Single-parent households are experiencing especially high financial stress
The KPMG findings also point to severe pressure among single-parent households. Almost half report cash flow problems, making them one of the most financially vulnerable groups in the data.
That is especially concerning because cash flow stress tends to compound quickly in single-income households. There is often less flexibility to absorb higher rent, childcare costs, transport expenses or school-related bills. If multiple cash flow issues are reported at once, the level of financial stress is typically much more acute.
In these households, lower life satisfaction is closely tied to practical economic pressure rather than abstract sentiment. When day-to-day budgeting becomes more fragile, wellbeing can deteriorate rapidly.
Why single-parent financial stress deserves attention
- there is less income diversification in the household
- unexpected expenses can have a larger impact
- time constraints can limit earning flexibility
- child-related costs are unavoidable and often rising
- cash flow problems can turn into debt dependence more quickly
The one bright spot: life satisfaction improved for Australians aged 15 to 24
There was one positive result in the research. Australians aged 15 to 24 were the only group to record an improvement in life satisfaction, rising from 6.9 during the pandemic to 7.2 today.

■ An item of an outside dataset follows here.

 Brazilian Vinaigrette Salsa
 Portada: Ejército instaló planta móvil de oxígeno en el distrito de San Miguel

That suggests younger Australians may have recovered somewhat from the social disruption, isolation and uncertainty that hit them especially hard during lockdowns. Even so, this does not cancel out the broader trend. Across much of the population, cost-of-living pressure and weaker financial resilience are still weighing on wellbeing.
What the KPMG study says about Australia’s economic wellbeing outlook
The broader takeaway from the australia-life-satisfaction-financial-pressure-kpmg-study is that wellbeing cannot be separated from household economics. Life satisfaction is being shaped by whether incomes keep up with costs, whether savings buffers are intact, and whether people feel they can make progress on housing and wealth.

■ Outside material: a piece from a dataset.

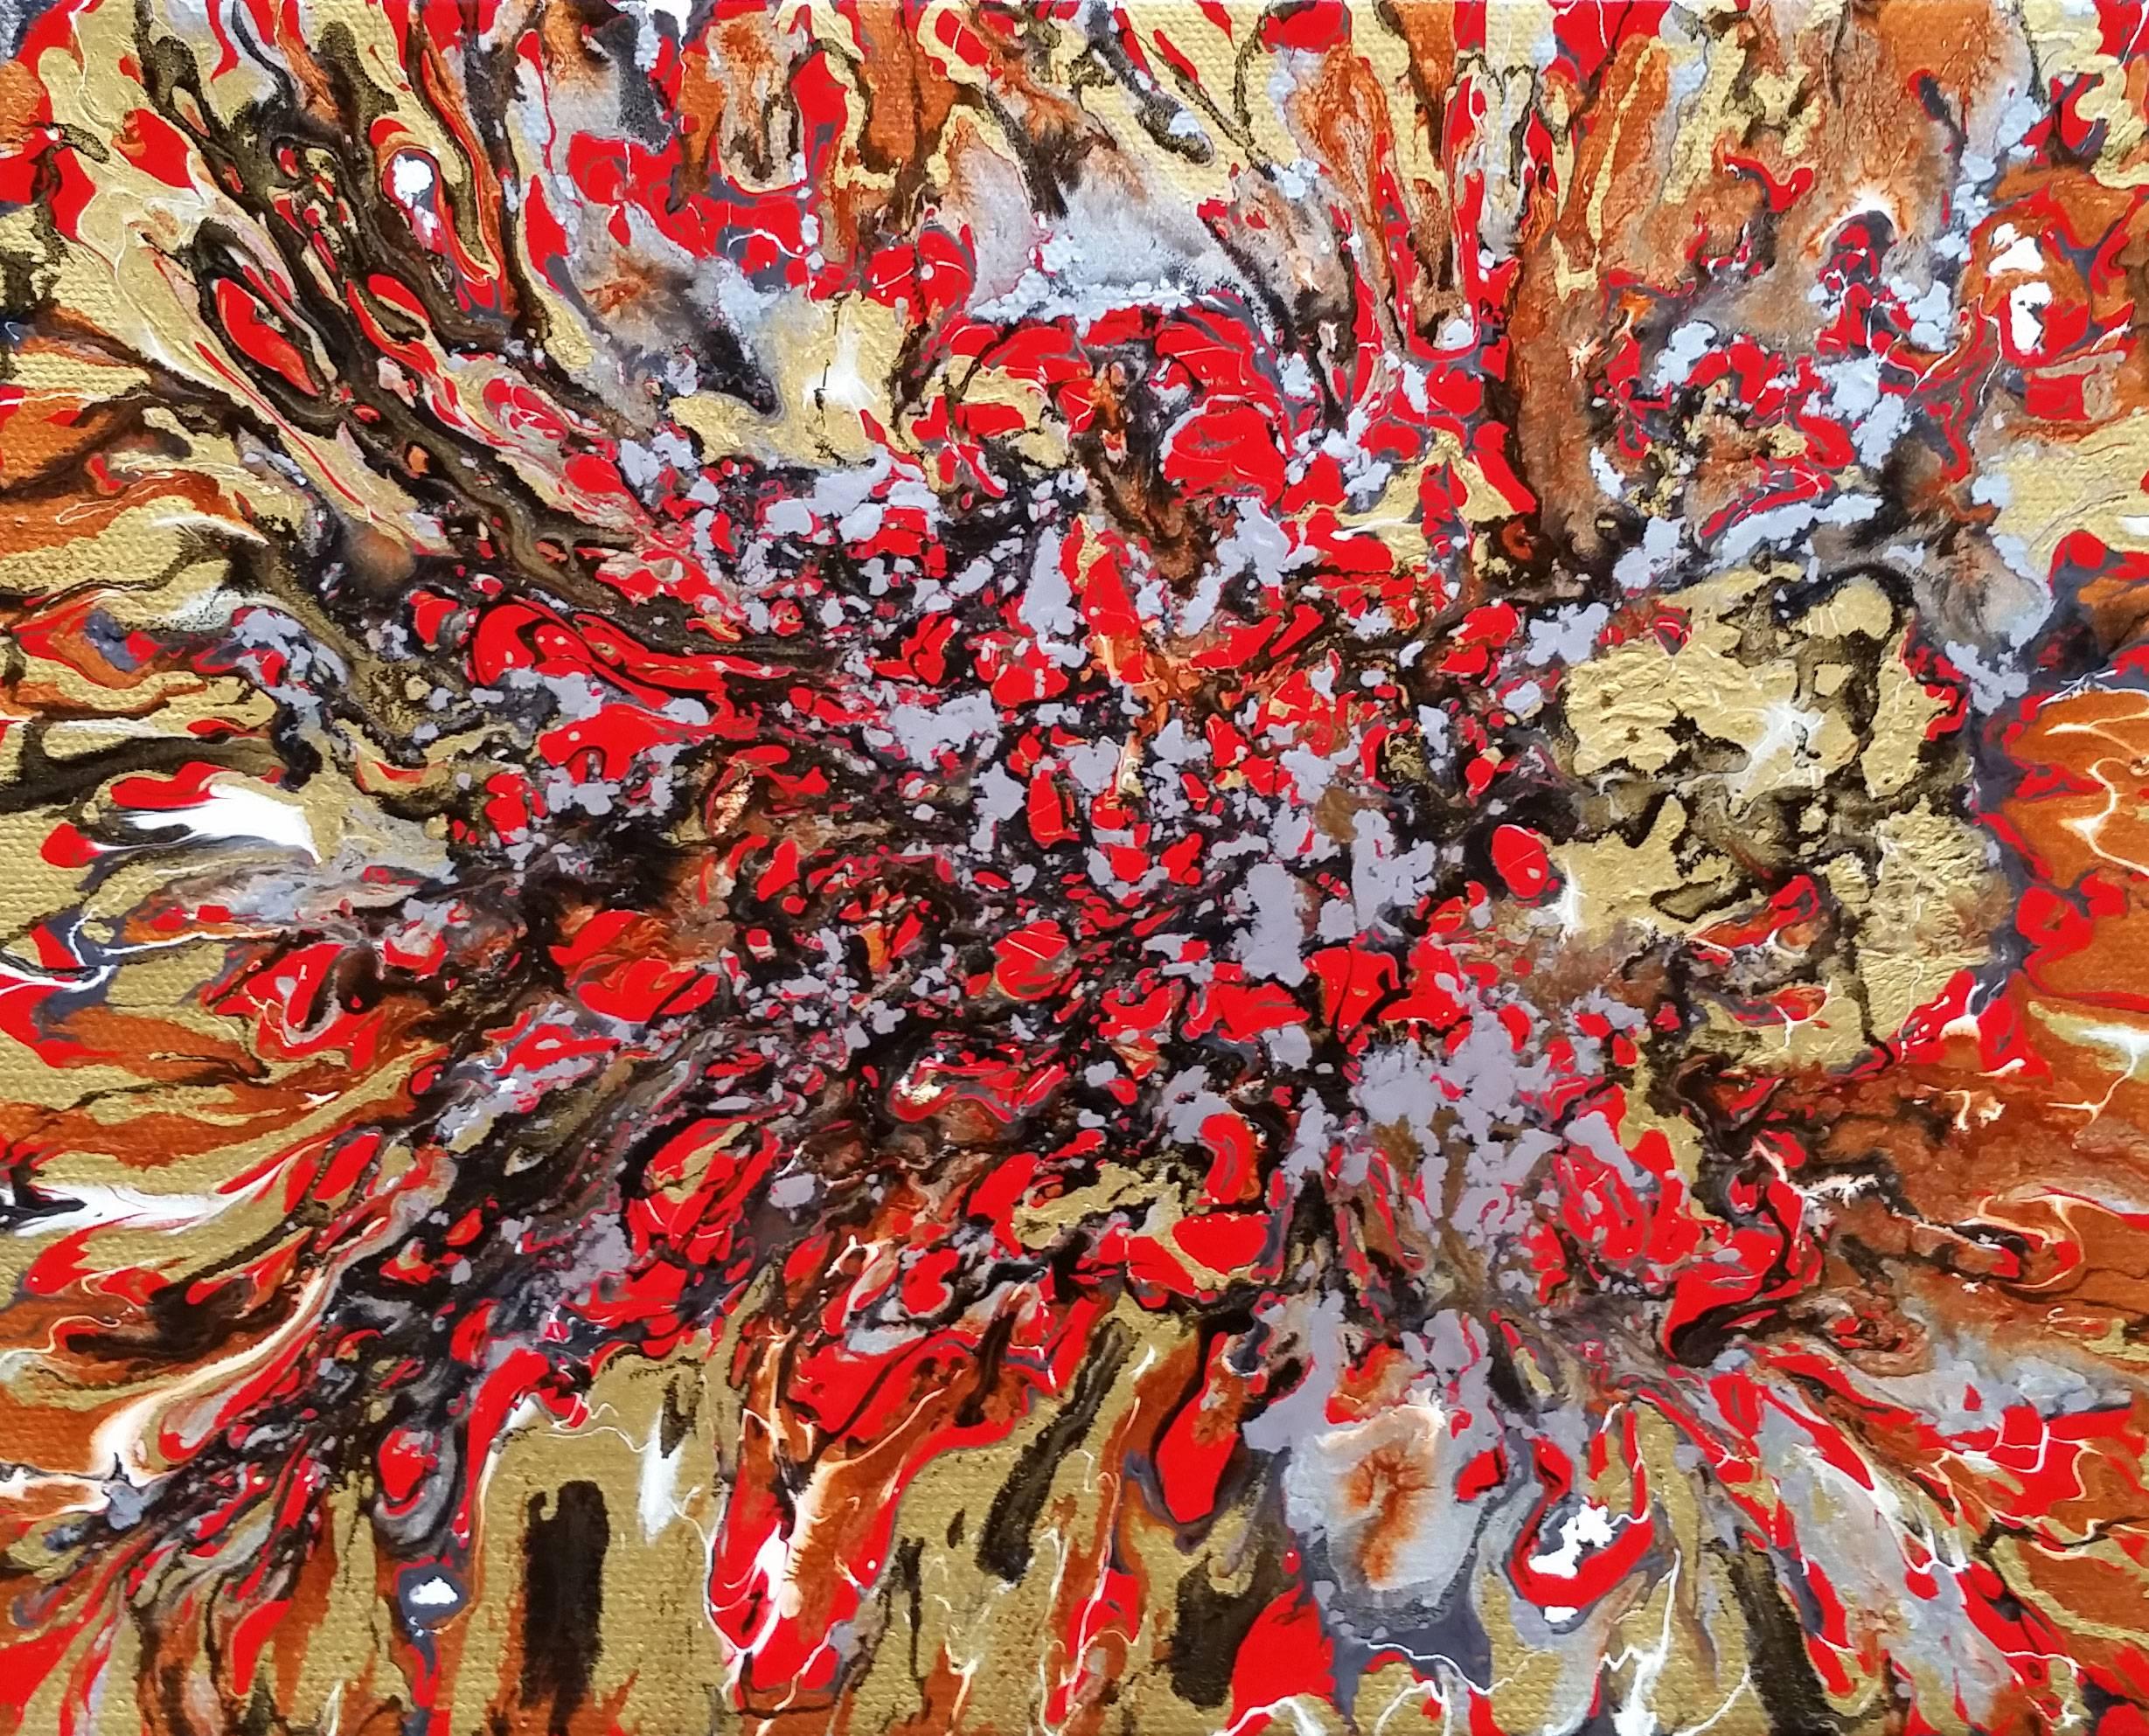 Red River - Abstract Mixed Media Art by Alexandra Romano

This is an important shift in the public conversation. During the pandemic, the threat to wellbeing was obvious and immediate. In 2025, the challenge is less dramatic but more persistent: a drawn-out squeeze on living standards.
If this pressure continues, the effects are likely to extend beyond household mood. Lower confidence can influence spending, borrowing, saving decisions and broader economic momentum. In that sense, wellbeing is not just a social metric; it is also a window into the health of the household economy.
Conclusion
Australians’ life satisfaction has fallen below lockdown-era levels not because of a single crisis, but because of sustained pressure on household finances. With life satisfaction at 7.1 in 2025, real wages down 4.1% since 2019, median household wealth stalled near $700,000, and 21.7% of households unable to raise $2,000 in a week, the message is clear: the cost-of-living squeeze is now a major wellbeing issue.
The groups under the greatest strain, including Australians aged 25 to 34, those aged 45 to 54, and single-parent households, show how unevenly the burden is being felt. Improving life satisfaction from here will likely require more than temporary relief. It will depend on sustained gains in real incomes, better housing affordability and stronger household financial resilience.